A Spire deployment includes: SCADA Master replicas, Prime daemons, Spines daemons, PLC/RTU proxies, real or emulated PLCs and/or RTUs, and HMIs. These components can be distributed over multiple sites connected by a wide-area network, over multiple logical sites within a local-area network (with or without emulated wide-area latency) or as a single site in a local-area network.

We typically deploy Spire with SCADA Master replicas distributed across several sites. For each SCADA master replica, we also deploy a Prime daemon that the SCADA master connects to. Each SCADA master is located on the same machine as its Prime daemon and connects to it via IPC.

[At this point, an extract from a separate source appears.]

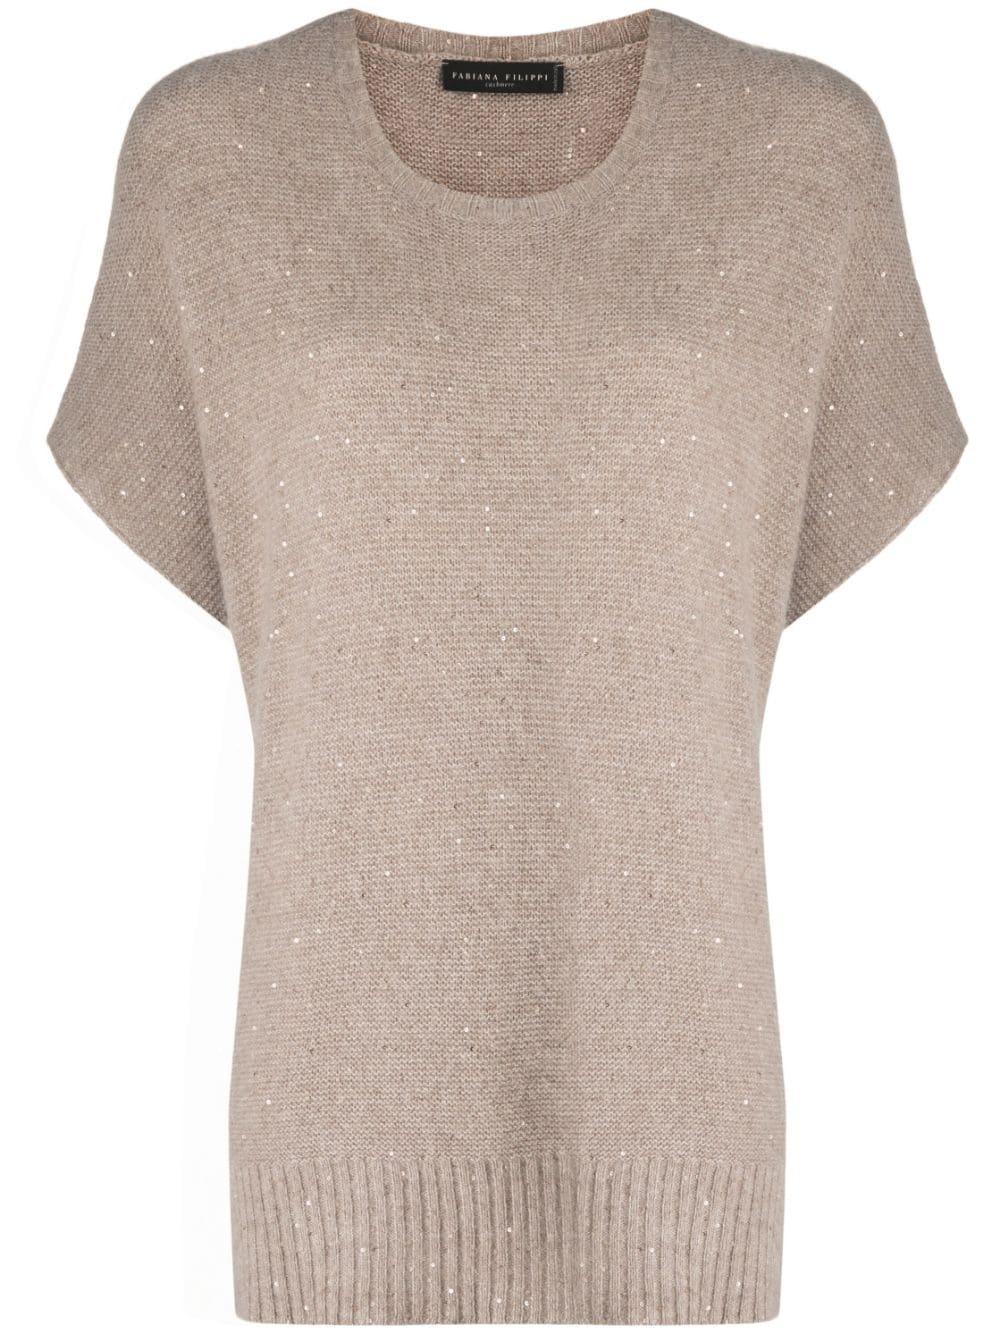 Sequin Knit Sweater Item # MAD221B695

Communication in the system occurs over two Spines overlay networks: an external network and an internal network. The external network is used for communication between the SCADA Master replicas and the PLC/RTU proxies and the HMIs. The internal network is used for communication among the SCADA Master replicas (and their Prime daemons). External and internal Spines daemons can be deployed on the same machines but use different ports.

We distinguish between two types of sites that can contain SCADA Master replicas: control centers and data centers. This is because power grid control centers with full capabilities for controlling PLCs and RTUs are generally expensive, and utility companies are unlikely to deploy more than two. To support the desired resilience with only two control centers, we allow additional sites to be added as data-center sites that do not control PLCs or RTUs.

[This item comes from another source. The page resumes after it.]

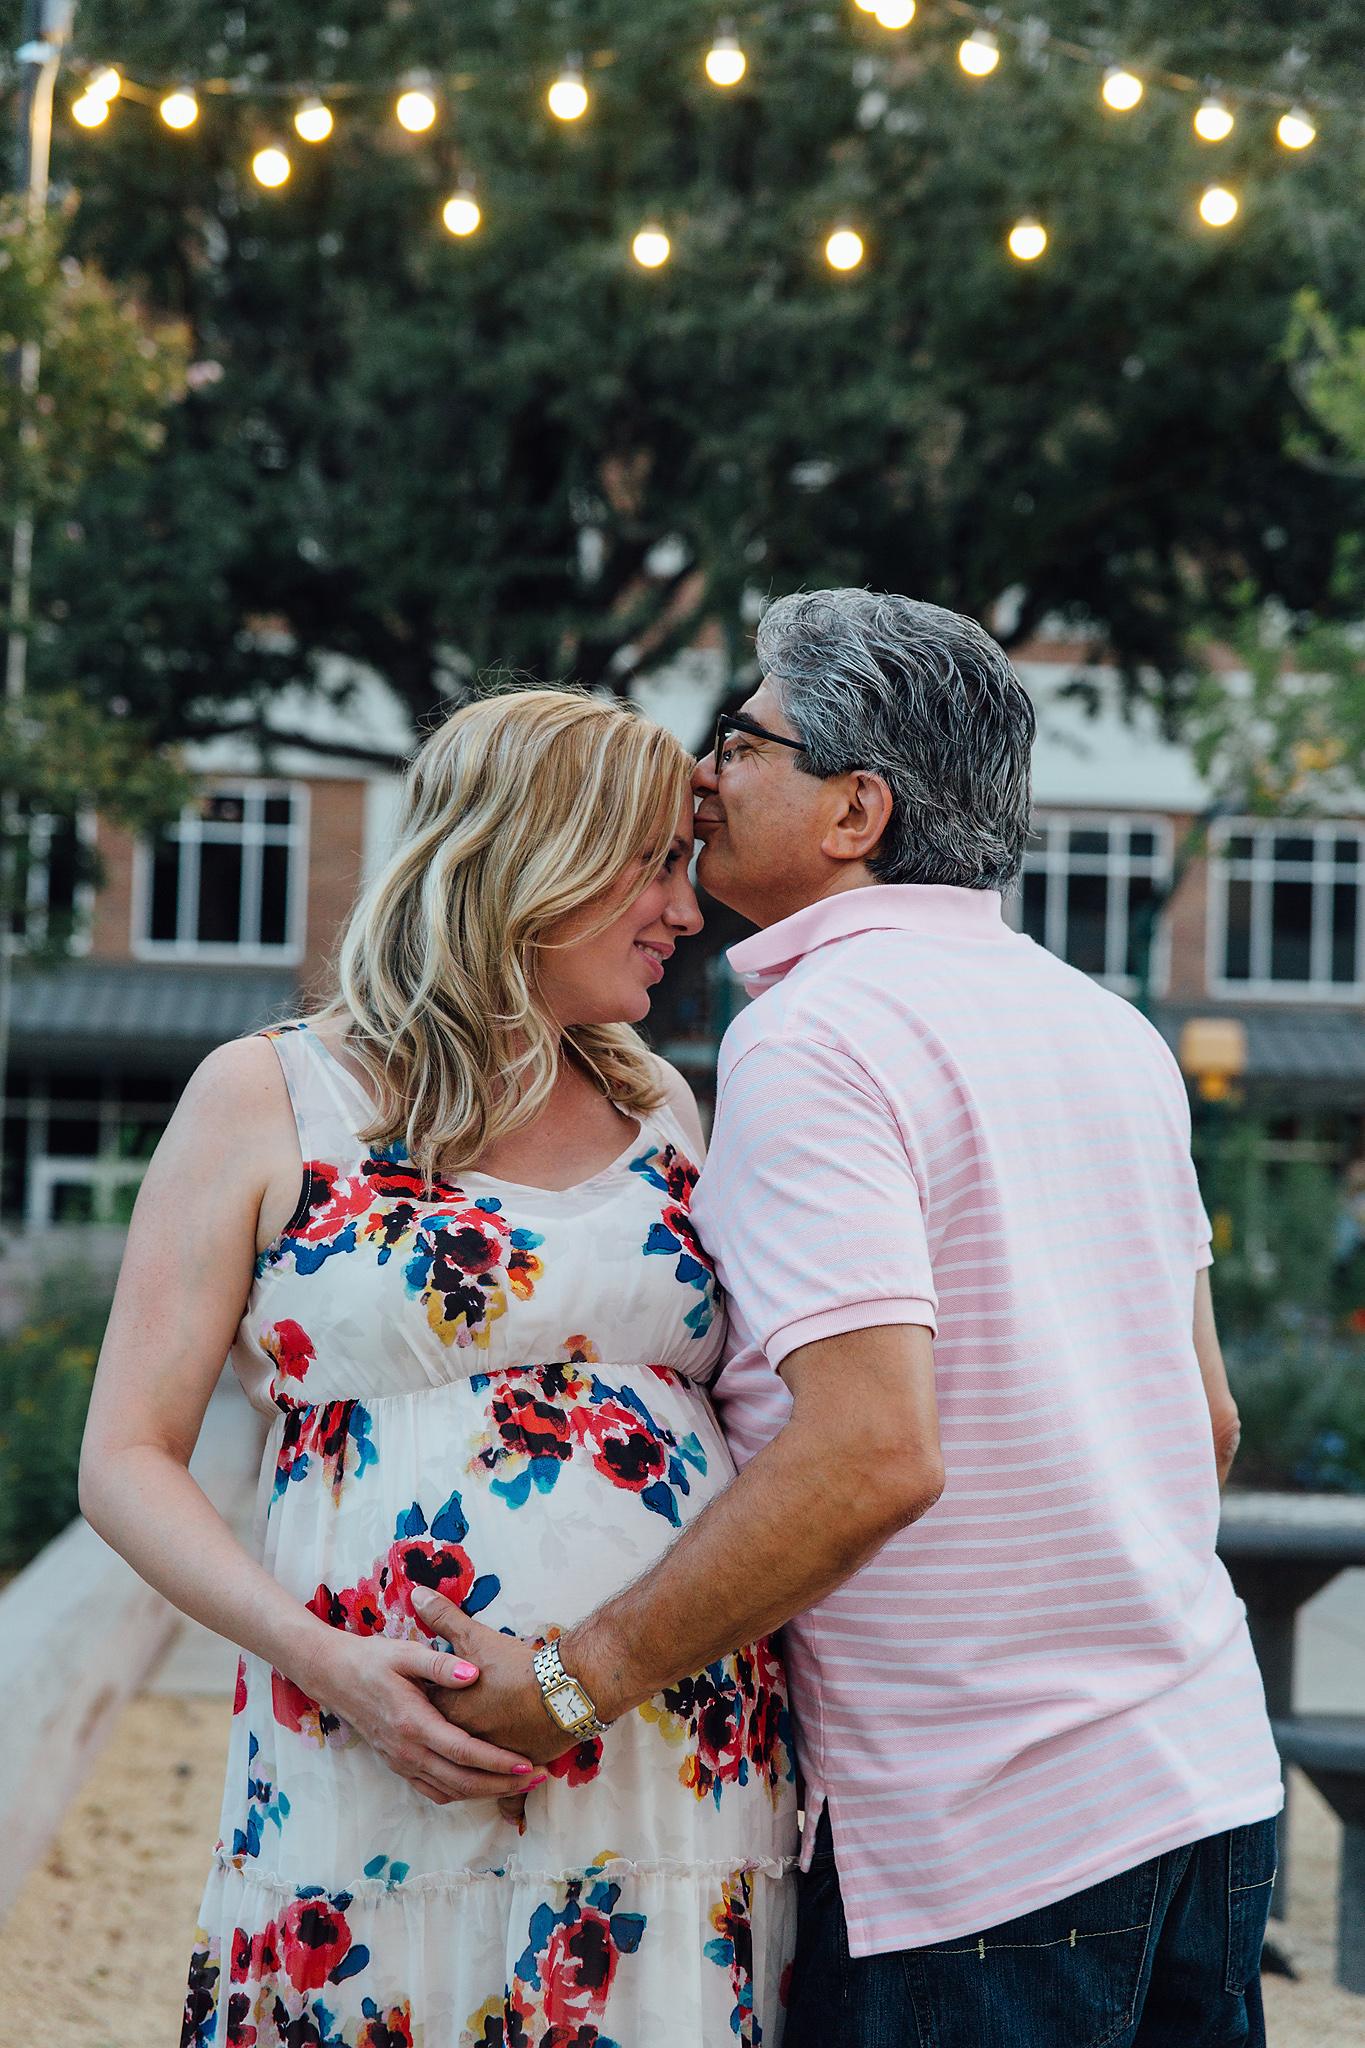 el-paso-maternity-photographer-3.jpg

In each site that contains SCADA Master replicas (including both control centers and data centers), we typically deploy one Spines daemon that participates in the internal network to connect the replicas in that site to the other sites. In each control-center site, we additionally deploy a Spines daemon that participates in the external network to connect the replicas in that site to the proxies and HMIs.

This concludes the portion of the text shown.